Dr. Stephen Lessnick, Huntsman Cancer Institue, University of Utah

Dr. Lessnick is an Assistant Professor of pediatrics, adjunct Assistant Professor of oncological sciences, and an investigator at the HCI Center for Children. Lessnick earned his bachelor's degree from Brandeis University followed by MD and PhD degrees from the University of California, Los Angeles (UCLA) as part of the Medical Scientist Training Program (MSTP). He conducted his internship and residency at Children's Hospital in Boston, followed by a fellowship in pediatrics hematology. He completed postdoctoral research in the Pediatric Oncology Department at the Dana-Farber Cancer Institute and joined HCI in January 2004.

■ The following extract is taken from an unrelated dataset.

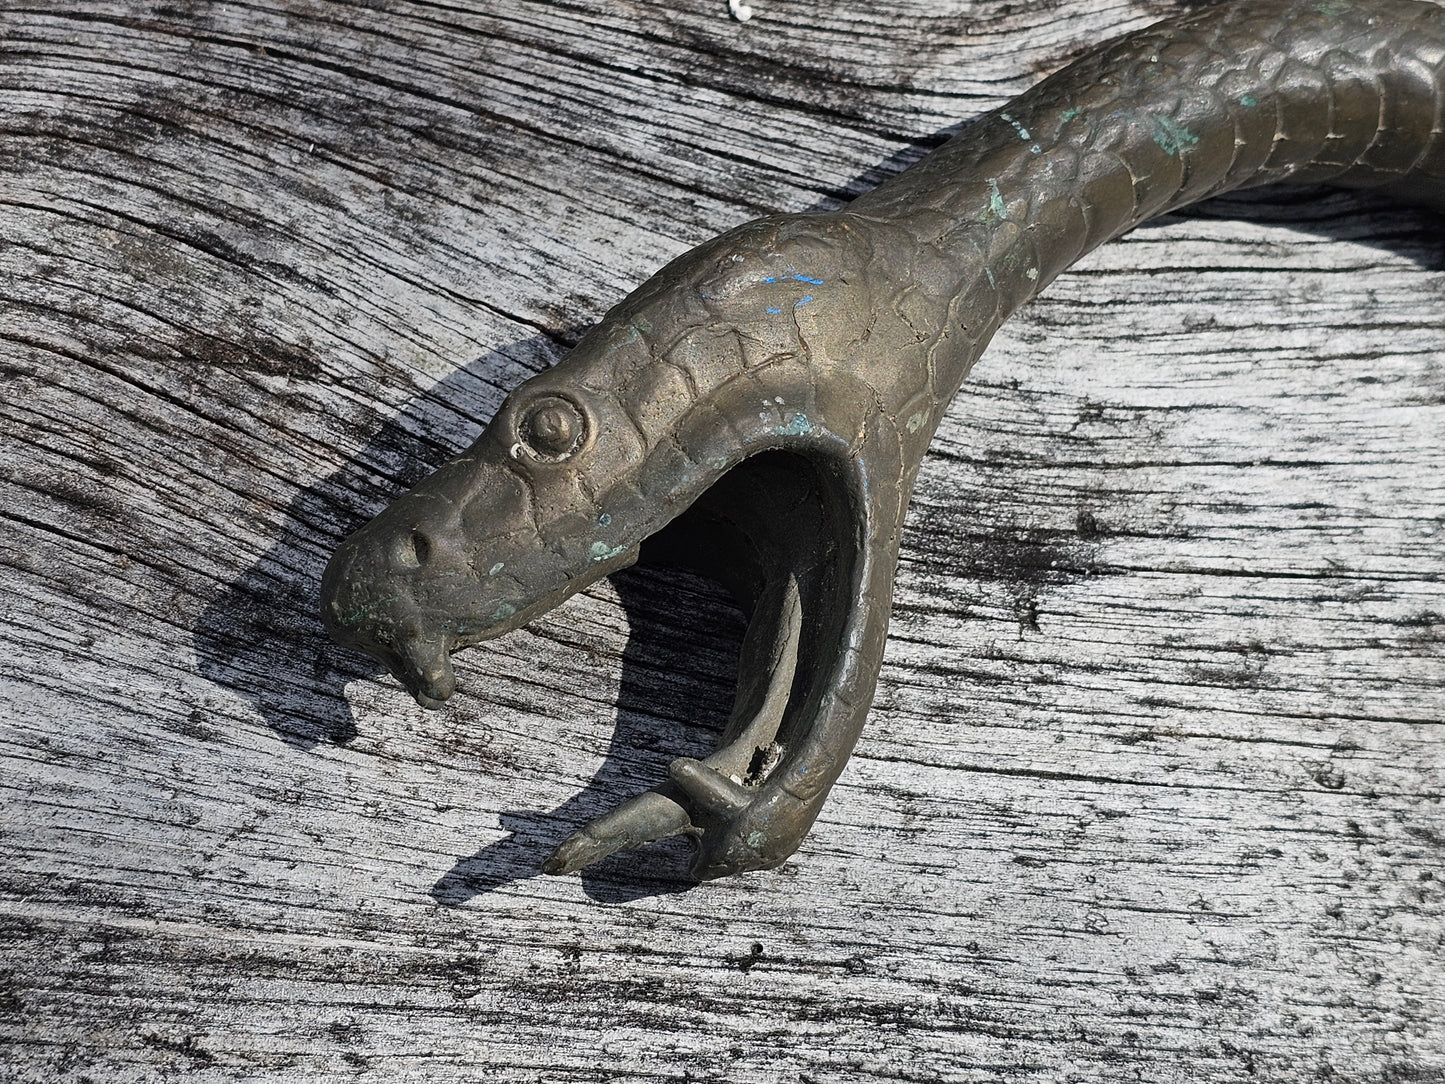 Heavy solid cast metal (bronze?) snake head, 17"

Dr. Lessnick's Lab is interested in determining what genes are regulated by EWS/FLI (the key tumor-causing molecule in Ewing's Sarcoma), the role these genes play in the formation of Ewing's Sarcoma, and any other genetic alterations required for the genesis of Ewing's Sarcoma. To study these factors, Dr. Lessnick has developed model systems that allow the EWS/FLI to be turned on and off at will to determine which targets are altered and their roles in the development of Ewing's Sarcoma tumors. Through this process, Dr. Lessnick hopes to develop a complete understanding of the molecular basis of Ewing's Sarcoma and to apply this understanding to the treatment of patients with this devastating disease.